= Cover band =

Type of band that plays cover songs

A cover band (or covers band) is a band that plays songs recorded by someone else, sometimes mimicking the original as accurately as possible, and sometimes re-interpreting or changing the original. These remade songs are known as cover songs. New or unknown bands often find the format marketable for smaller venues, such as pubs, clubs or parks. The bands also perform at private events, for example, weddings and birthday parties, and may be known as a wedding band, party band, function band or band-for-hire. A band whose covers consist mainly of songs that were chart hits is often called a top 40 band. Some bands, however, start as cover bands, then grow to perform original material. For example, the Rolling Stones released three albums consisting primarily of covers before recording one with their own original material.

Cover bands play several types of venues. When a band is starting out, they might play private parties and fundraisers, often for little or no money, or in return for food and bar privileges, although many professional musicians refuse to do this. With enough experience, a band will begin to "play out" professionally at bars and night clubs. Some cover bands are made up of full-time professional musicians. These bands are usually represented by an entertainment agency.

When cover bands consist of professional musicians, they often do not have a fixed lineup; rather, they are often made up of a flexible lineup of session musicians, utilizing "dep" (deputy, that is, stand-in) musicians where necessary. The music industry is considered by many musicians as a relatively difficult industry to make an income in, and cover bands can be a good source of income for professional musicians alongside other work.

==Music==
Cover bands play songs written and recorded by other artists, usually well-known songs (as compared to "original" bands which play music they themselves have written). There are a wide variety of cover bands – some cover bands play material from particular decades, for example, a 1980s cover band. Others focus exclusively on the music of a particular group, usually iconic groups, and are called tribute bands. It is not uncommon to find tribute bands performing the songs of The Beatles, Led Zeppelin, Kiss, Pink Floyd, Oasis, Duran Duran, Aerosmith, or U2. Some cover bands will play a variety of song styles, from different artists, genres, and decades. Another type of cover band is one that plays songs in a different genre or style than that of the original composition (e.g., jazz versions of what were originally hard rock songs).

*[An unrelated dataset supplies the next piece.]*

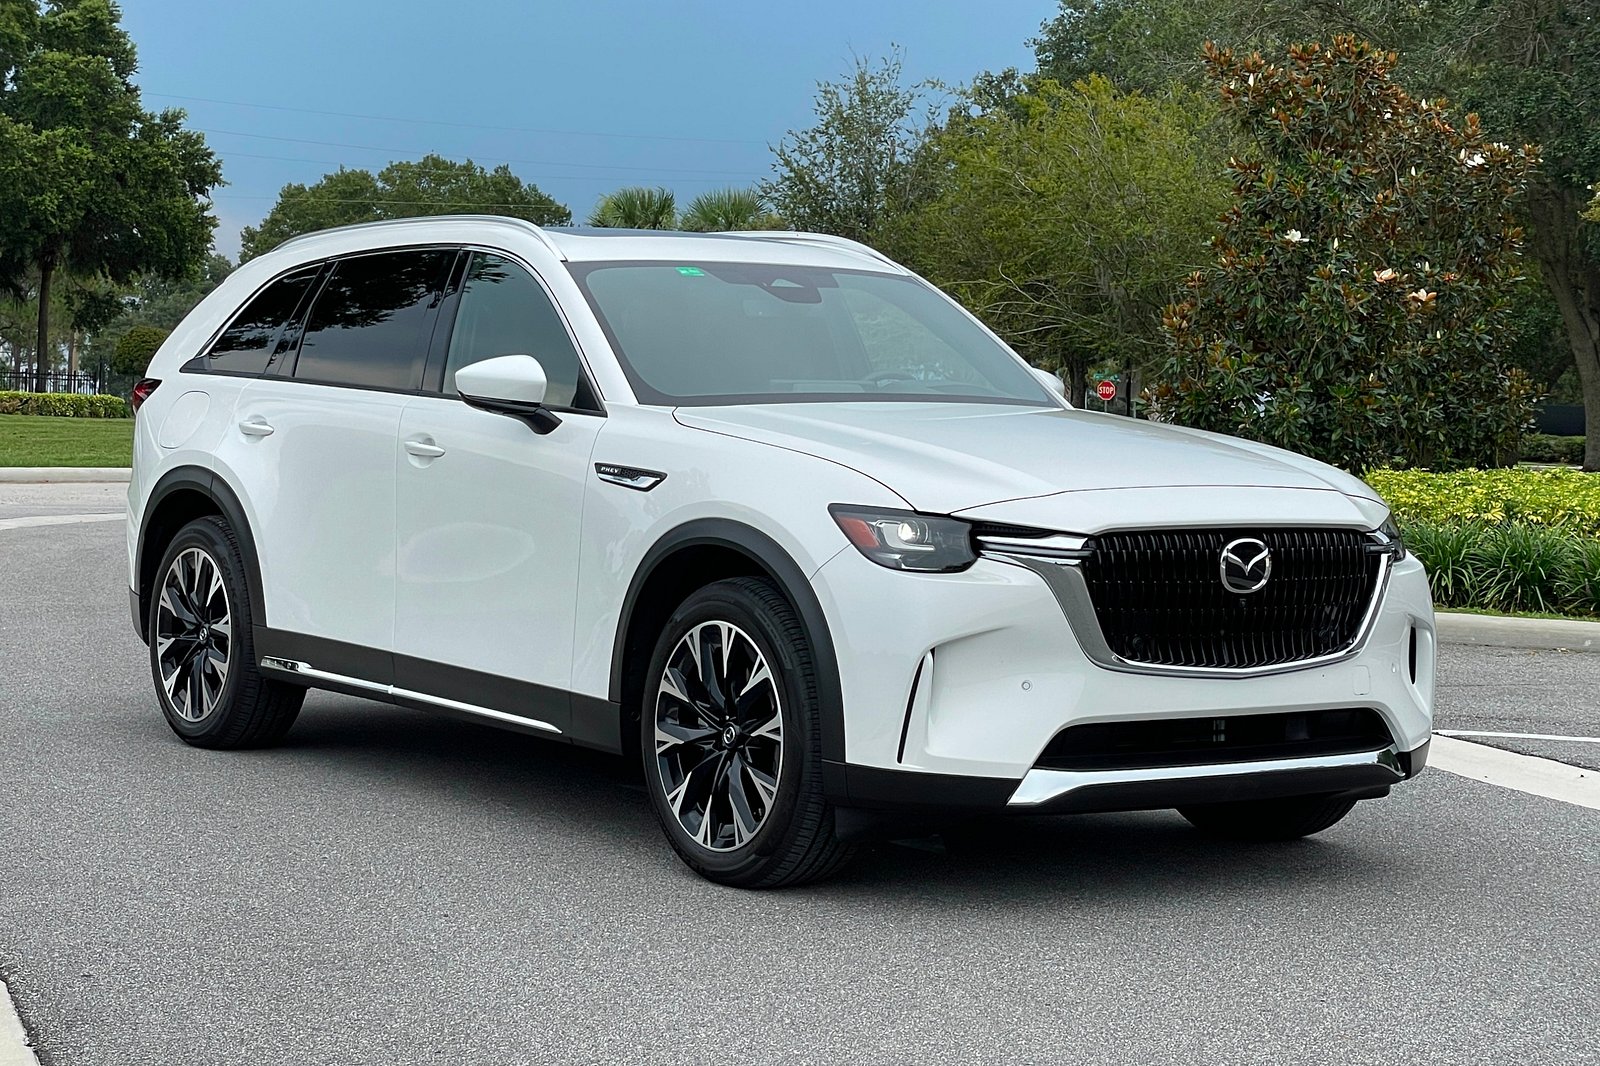 Электро-кар, скорее всего, будет кроссовером с существующей заводской табличкой. Mazda подтвердила, что запуск нового внедорожника CX-70 отложен до 2024 года, а выпуск нового полностью электрического автомобиля ожидается в 2025 году. Об этих разработ

Some cover bands perform covers that are of a different musical genre from the originals. For instance:

- Richard Cheese covers rock and rap songs in the style of lounge music.
- Gregorian covers pop and rock songs in the style of Gregorian chant.
- Gabba covers the pop songs of ABBA in the punk style of the Ramones (the name is also a reference to the chant "Gabba Gabba Hey" from the Ramones' song "Pinhead" from their Leave Home album).
- Nouvelle Vague covers new wave-era bands with a bossa nova twist.
- Me First and the Gimme Gimmes is known for punk covers of other artists, with each album picking a different genre or era (i.e. hits of the 1970s, showtunes, etc.)
- Dread Zeppelin specialized in reggae versions of Led Zeppelin songs, with an Elvis impersonator on lead vocals.
- Hayseed Dixie started as a "hillbilly tribute to AC/DC" and has become a bluegrass tribute band covering many well-known rock bands in their own "rockgrass" style.
- Run C&W performed bluegrass arrangements of 1960s soul music, primarily classics from the Motown catalog.
- Turetsky's Choir, a former synagogue choir from Moscow is famous for its remakes of music pieces from different styles, ranging from opera classic to pop hits. The band's repertoire usually includes covers only. Some of them are arranged into medleys.
- The Baseballs are a German band, known for doing rockabilly covers of 2000s pop songs, like "Bleeding Love" and "Umbrella".
- UB40 were an English band best known for reggae versions of 1950s and 1960s pop songs.
- Mallavoodoo, a Brazilian band from Recife, plays instrumental covers of hard rock with keyboards and saxophone.
- DMK, a Colombian band featuring Dicken Schrader and his children Milah and Korben, plays Depeche Mode songs using an old keyboard, toys and various household items as instruments.
- Taco is most famous for his Great American Songbook show tune covers, rearranged as synthpop.
- Ray Charles, particularly from the 1960s onward, devoted much of his recording career to soul covers of pop, jazz and country music.
- The Mike Flowers Pops rearranges popular music into easy listening, with their most famous cover being that of "Wonderwall," originally by Oasis.
- Postmodern Jukebox reimagines popular music in classic pre-rock era styles such as jazz, gospel and rhythm and blues.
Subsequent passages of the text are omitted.